I am hoping someone can refer me to a text reference, forum, or other online resource describing the following question. I thought this forum might be a good place to start, but apologies if I was mistaken.
I am designing a sensor with the goal of mapping output sensor values (i.e. data that the sensors spit out to the MCU) into input sensor signals (i.e. the real-world values the sensor is sensing). However, the design of the sensor itself is highly non-linear. In other words, I have no mathematical model to describe how the input goes to --> the output, or vice-versa.
Let me simplify my description. If I were building a gram scale, I would use a strain gauge on a beam combined with the physical/mathematical knowledge that more weight on the scale means a higher value from the strain gauge sensor. Eventually, I could tune and scale my sensor and sensing computer architecture to get me a system that gives me my input from my output.
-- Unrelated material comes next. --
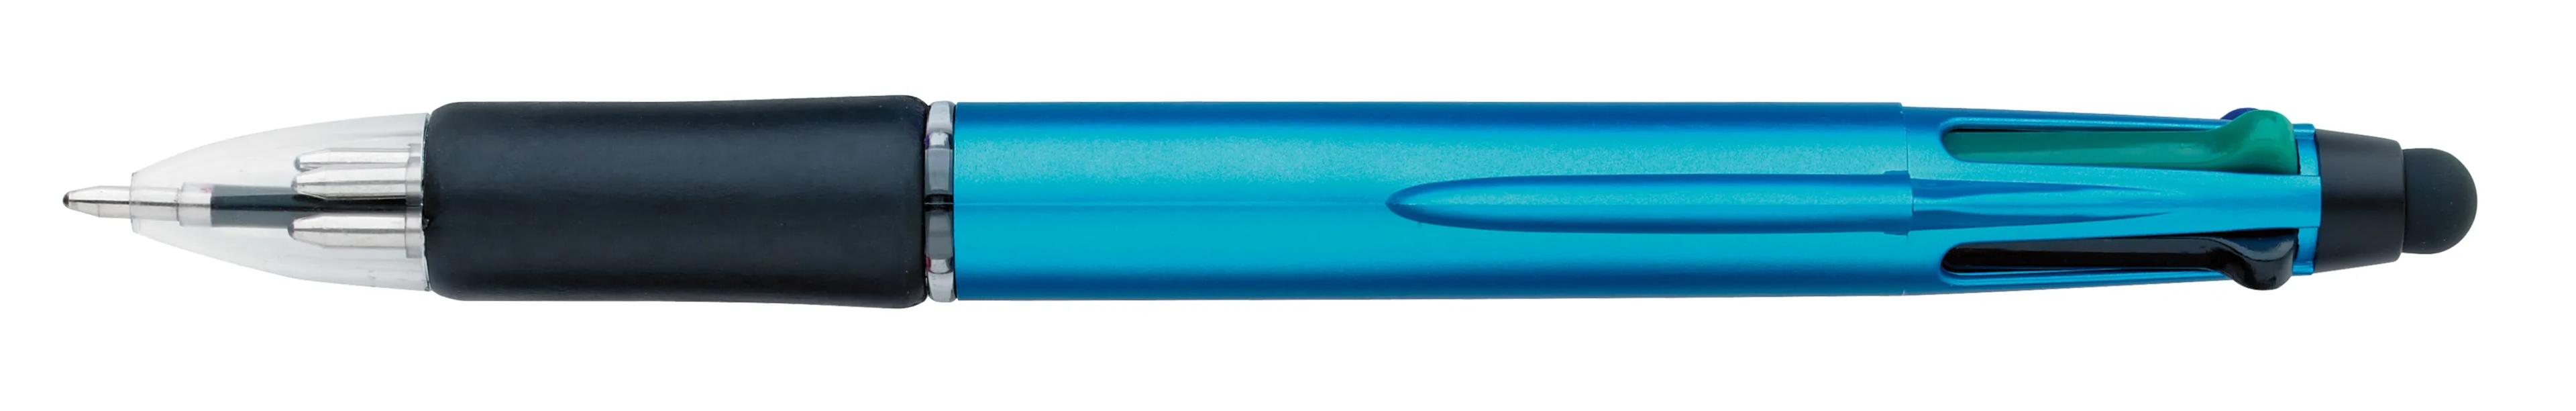 Orbitor Metallic Stylus Pen 40 of 56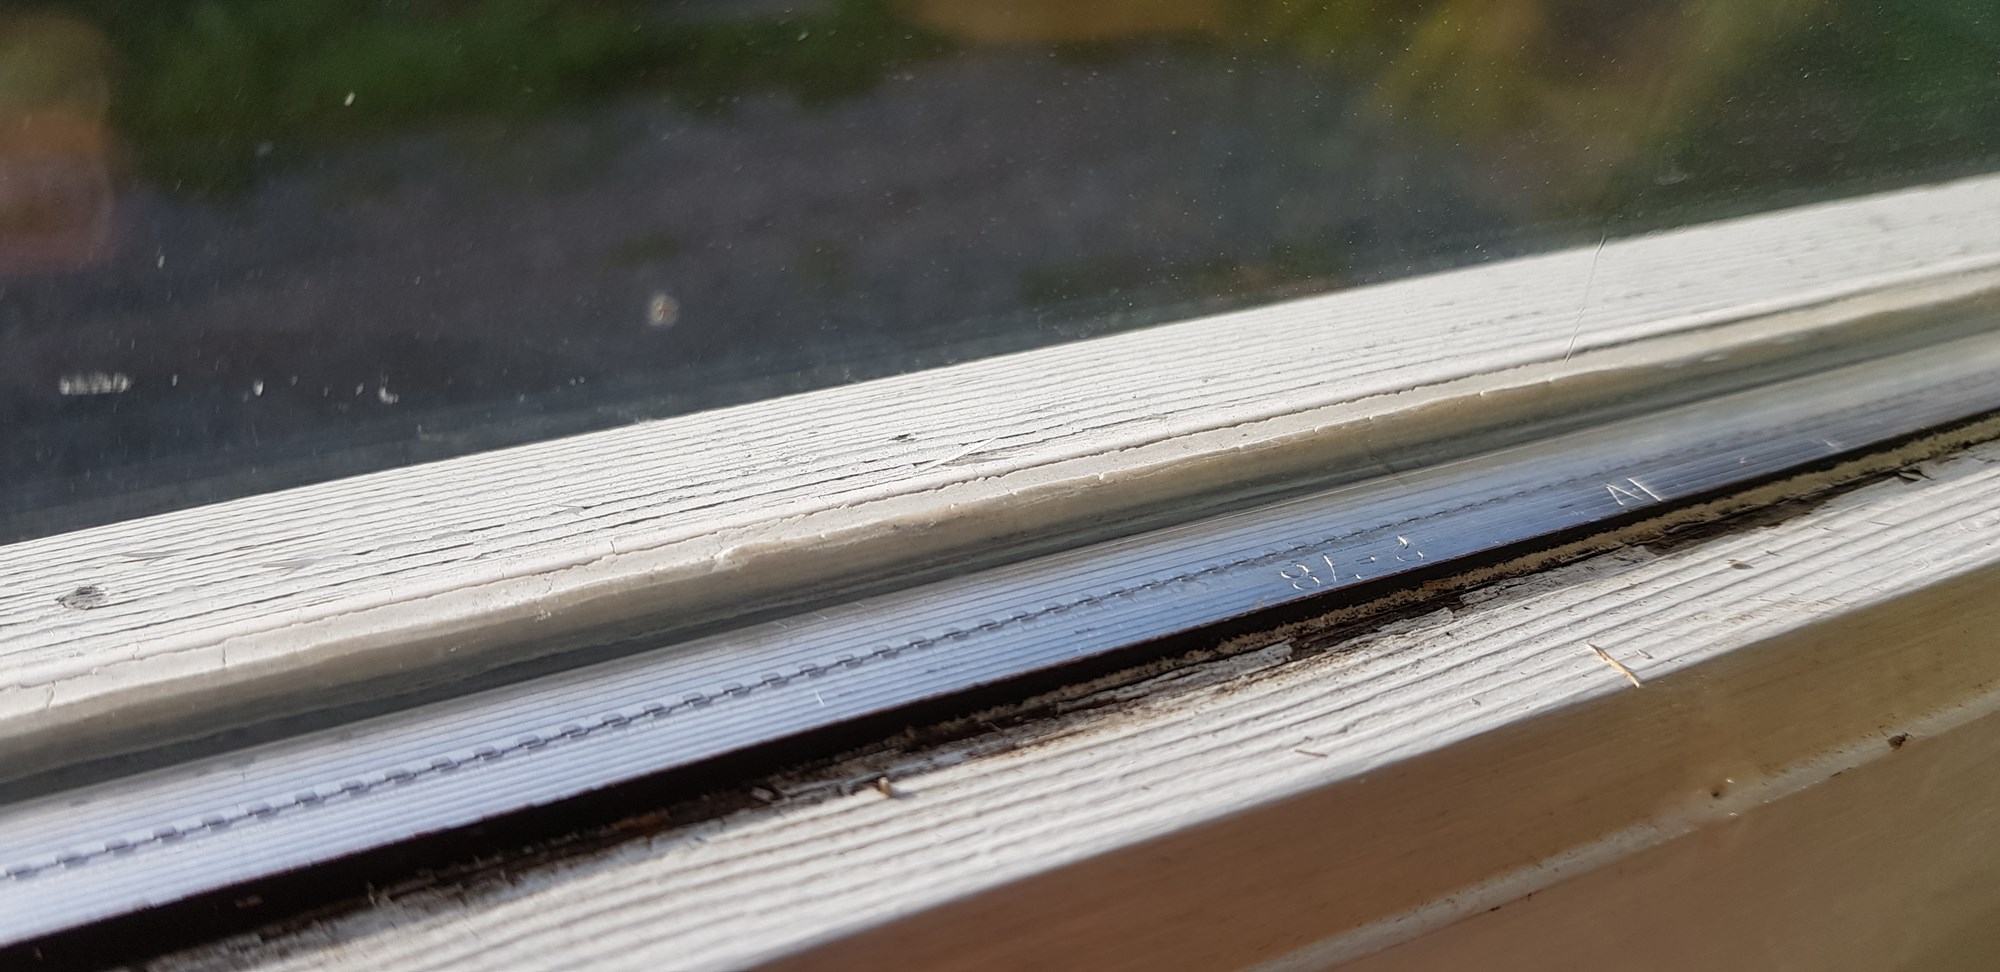 Er dette vinduskitt med asbest i? - 20190801_072457.jpg - Emmylou91

Now, however, I have a black-box sensor. In other words, the 'weight' values map to the 'sensor' values in non-intuitive ways; more 'weight' on the scale might decrease the sensor value! On top of that, I want to measure an arbitrary number of weights with an arbitrary number of sensors. I am afraid I am being to vague, so I will describe one possible implementation of this design.
Imagine you had a system with J number of Xcm x Ycm sensing pads arranged in whatever configuration you like (hexagon, non-symmetrical, whatever). The only sensors you are allowed to use are K number of FSRs mounted on a common base of all J sensing pads, but you desire to know the weight on each pad.
Now imagine I run 1000 trials on this system, all at different weights on each of the pads. I have the input and output data for each trial, but I do not know how they map to each other. What I am asking is, is there a way to map the input and output to each other so that, given a certain output I have not explicitly tested before, I can predict the input?
Is there a field of research describing this problem? Statistics? Machine learning? Simple polynomial fitting?
Any knowledge out there? Many thanks.